Let's take the concept of “tall.” What counts as a tall basketball player is different from what counts as a tall kindergarten student, which differs again from what counts as a tall glass. Some humans are definitely not tall, like actor Danny DeVito, who stands at 4′10″, while Serbian professional basketball player Boban Marjanović is definitely tall at 7′4″. A height of 5′10″ is almost definitely tall for a woman in the United States but might be a borderline case for men. “Tall” is not the sort of quality for which there are definite criteria that sort the world into “tall” things and “not tall” things. In other words, “tall” is vague.

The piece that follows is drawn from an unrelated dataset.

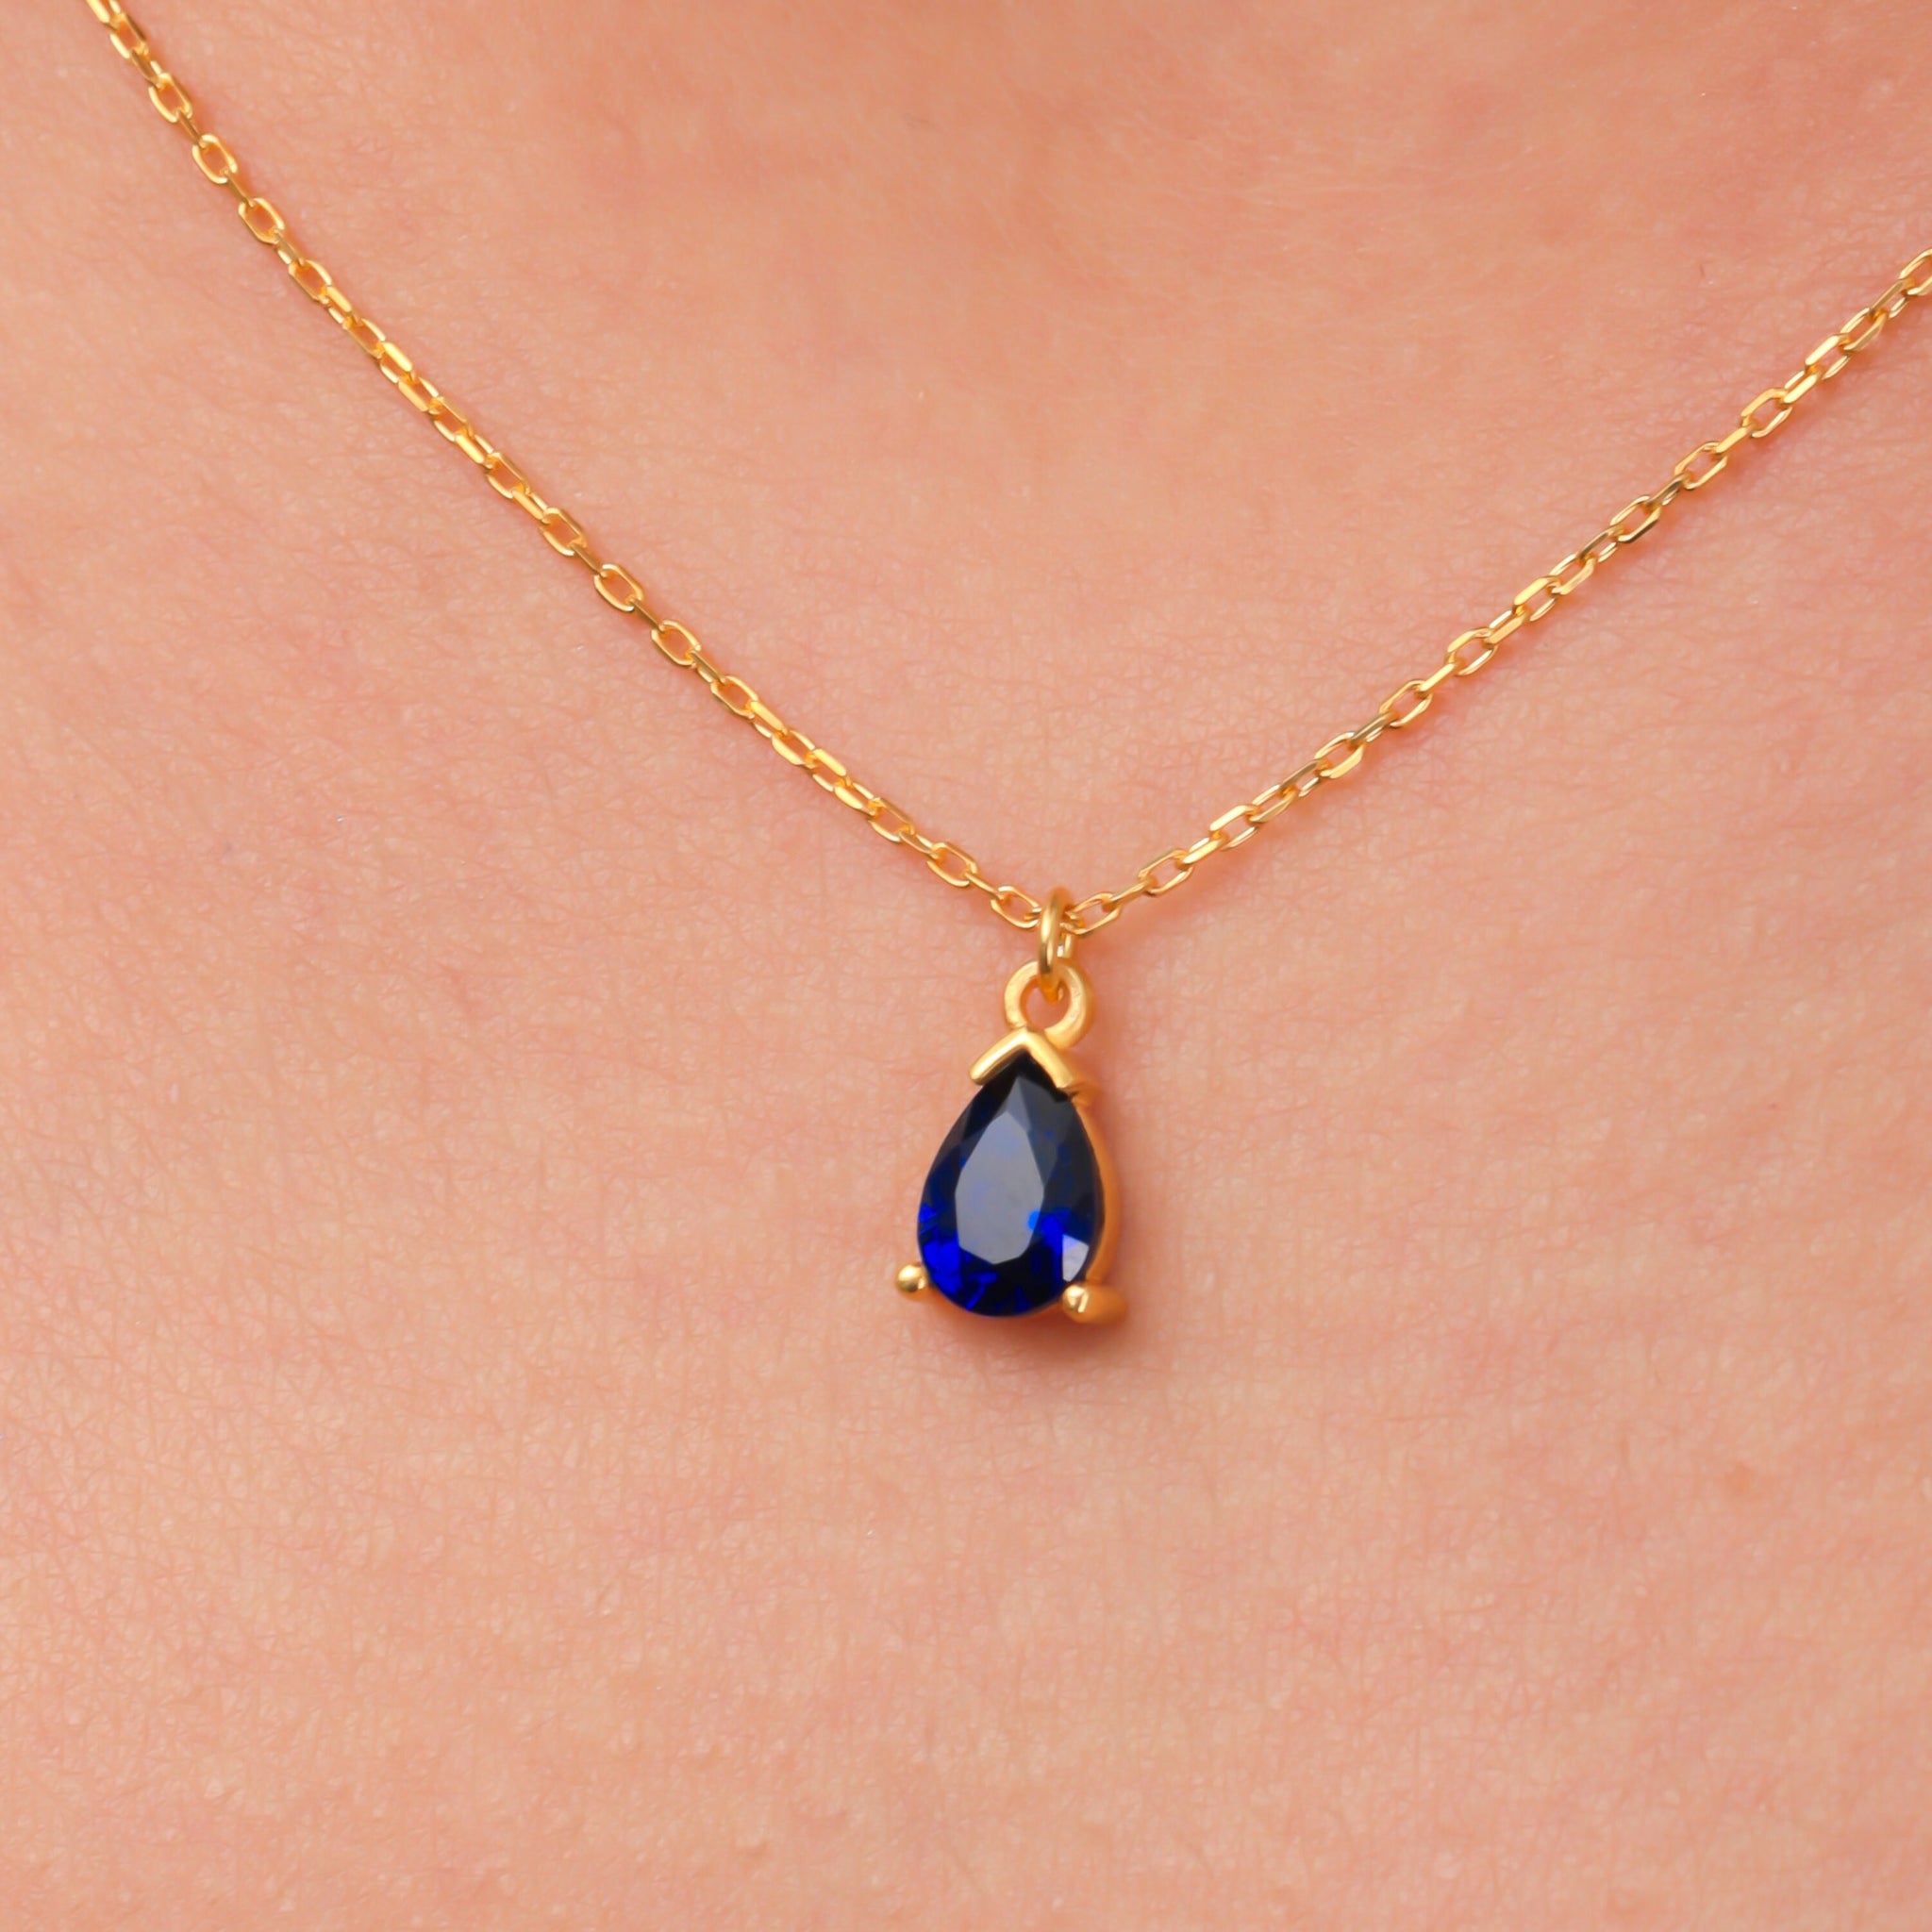 5th Wedding Anniversary Jewelry Gift Sapphire Teardrop Dainty Necklace Gold Filled Sapphire Jewelry Gift For Wife 4 Year Anniversary Gift

This fuzziness in language permeates into how we ask questions about our data. Studies from cognitive linguistics (Schmidt et al., 2009; Solt & Gotzner, 2012; Qinq & Franke, 2014) show that human judgments of these vague adjectives vary depending on the data distribution of a set of presented data items. In these studies, crowd worker participants were shown bars of differing heights, presented in random order. They were asked to mark which items were considered “tall.” Viewers were quite sensitive to the distribution of the relative sizes of the items, how many appear in plateaus adjacent to one another, and if the relative values formed a convex or a concave shape when placed in sorted order.

A study by Hearst et al. (2019) wanted to probe further into the boundaries of what an appropriate visualization would be for responding to queries that contain these vague, imprecise concepts. The study showed the participants different visualization views for the question “Which of my grocery expenses” followed by one of the following: “is the highest this month?” or “are the highest this month?” or “are high this month?” Figure 5.2 shows the three data shapes used in the study with multiple top k bars highlighted.

  • Shape 1: A roughly exponential drop-off. The first three items were marked as tall by nearly all participants, with the rest marked not-tall.
  • Shape 2: A roughly inverse exponential curve. No clear visual markers as to where to distinguish between tall and not-tall.
  • Shape 3: Plateaus. A first plateau of items followed by an 80% drop to a second plateau of items, followed by a 65% drop.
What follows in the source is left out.